All a minefield really.

Meanwhile in the back of my head there is an argument going on. After all the sponsorship I have received and all the work I have done towards the 100 mile ride,  can I still do it a d save face? I did London to Brighton ok, so maybe this won't be so bad? Or maybe I will cripple myself by doing it? I don't want to let people down,  I don't want to be a failure to myself or others. I feel obligated to at least try.

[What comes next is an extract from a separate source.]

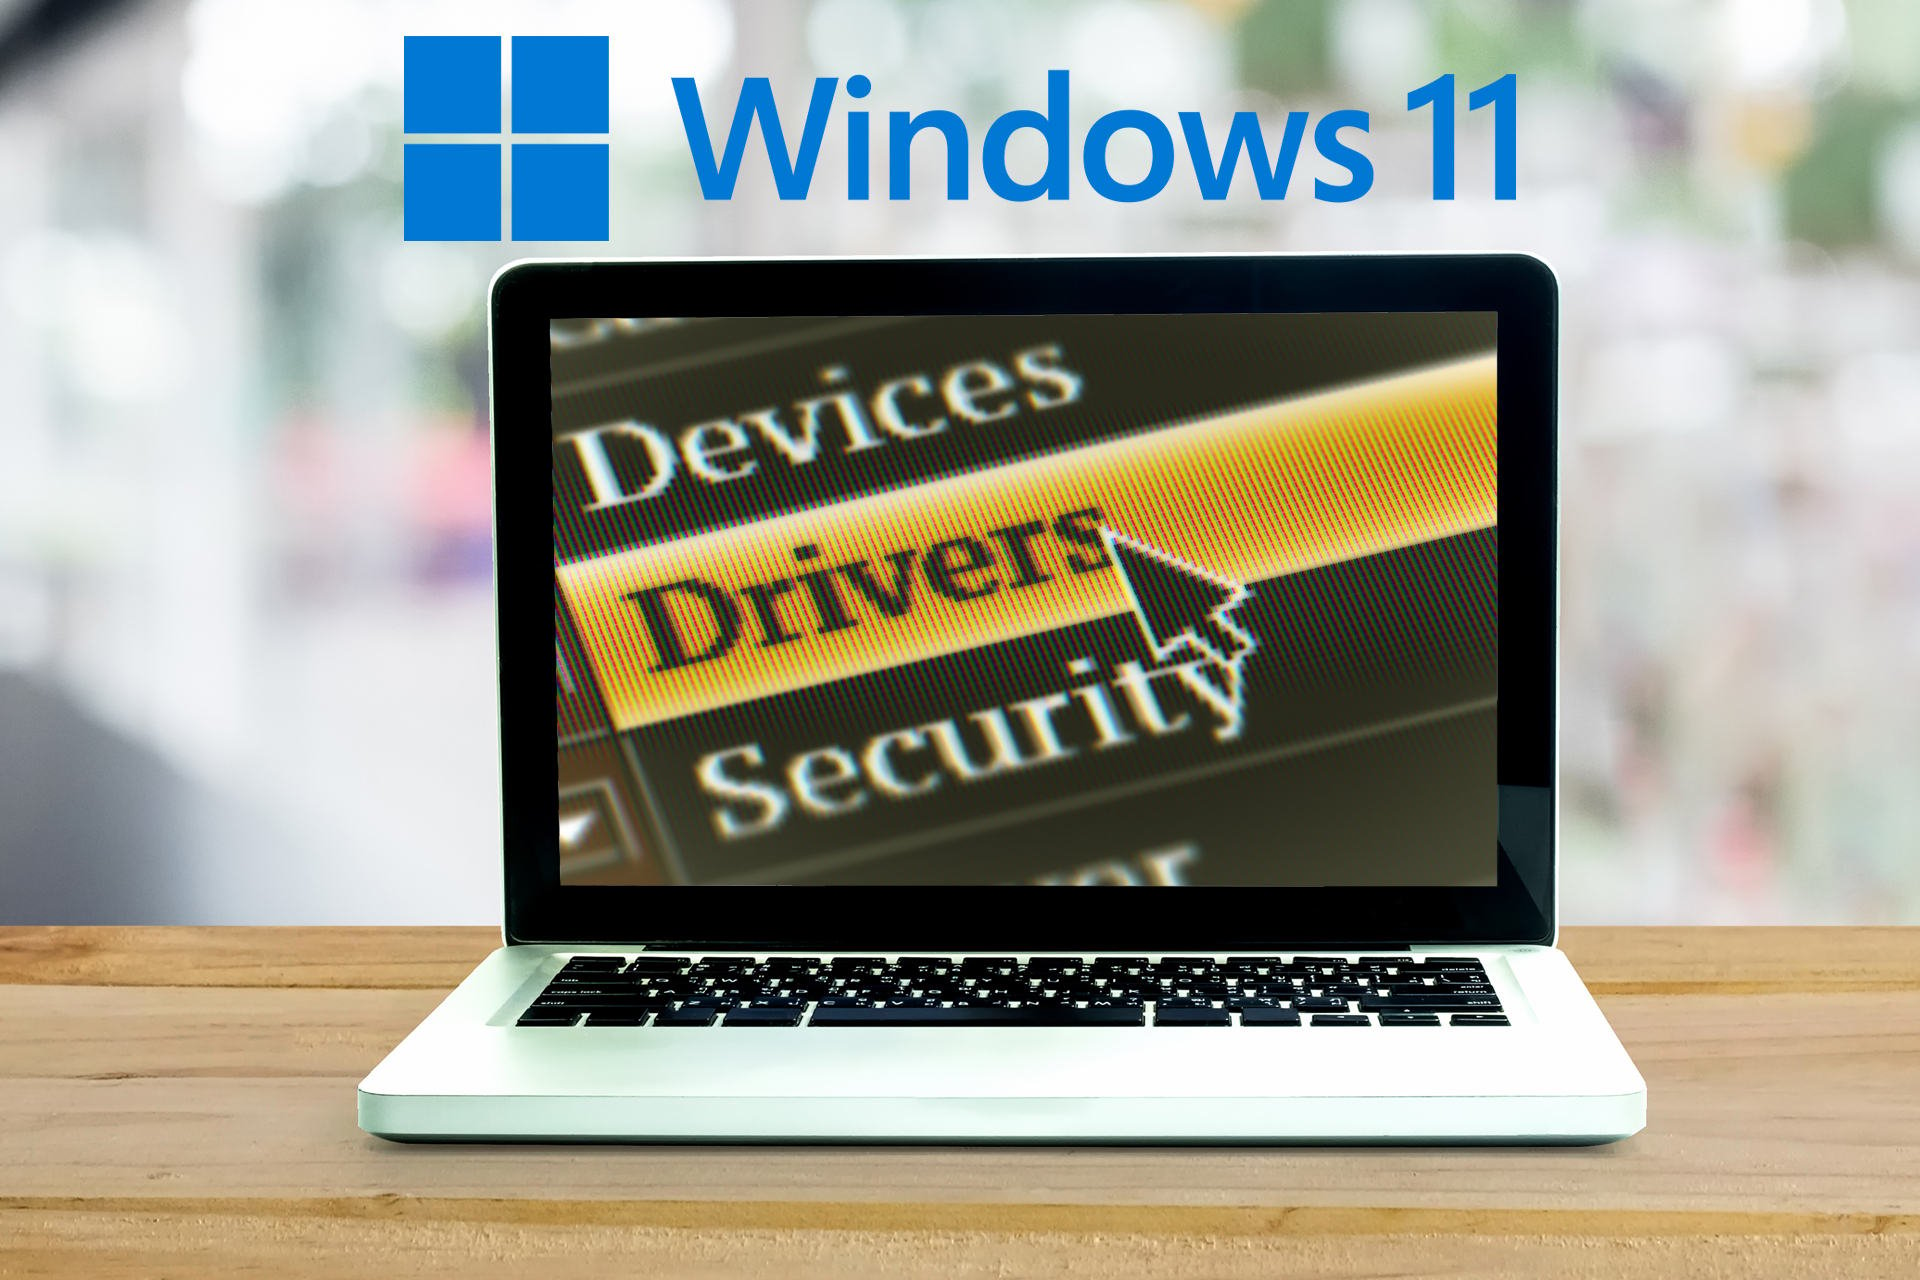 Update drivers on Windows 11

But to try and fail would be devastating.

How can one physical ailment cause this much unrest for me!

I am starting to think that this pain is bigger than  what the chiropractor can sort,  maybe something worse. Or maybe me not mentioning the accident might have pointed her in the wrong direction to treat me? Whatever the case,  I definitely need to speak to other people about it to get other possible issues checked out.

Guess tomorrow decides what I do next. Until then I am stuck stooping around,  eating convenient junk,  gaining weight again,  feeling disappointed and cheated.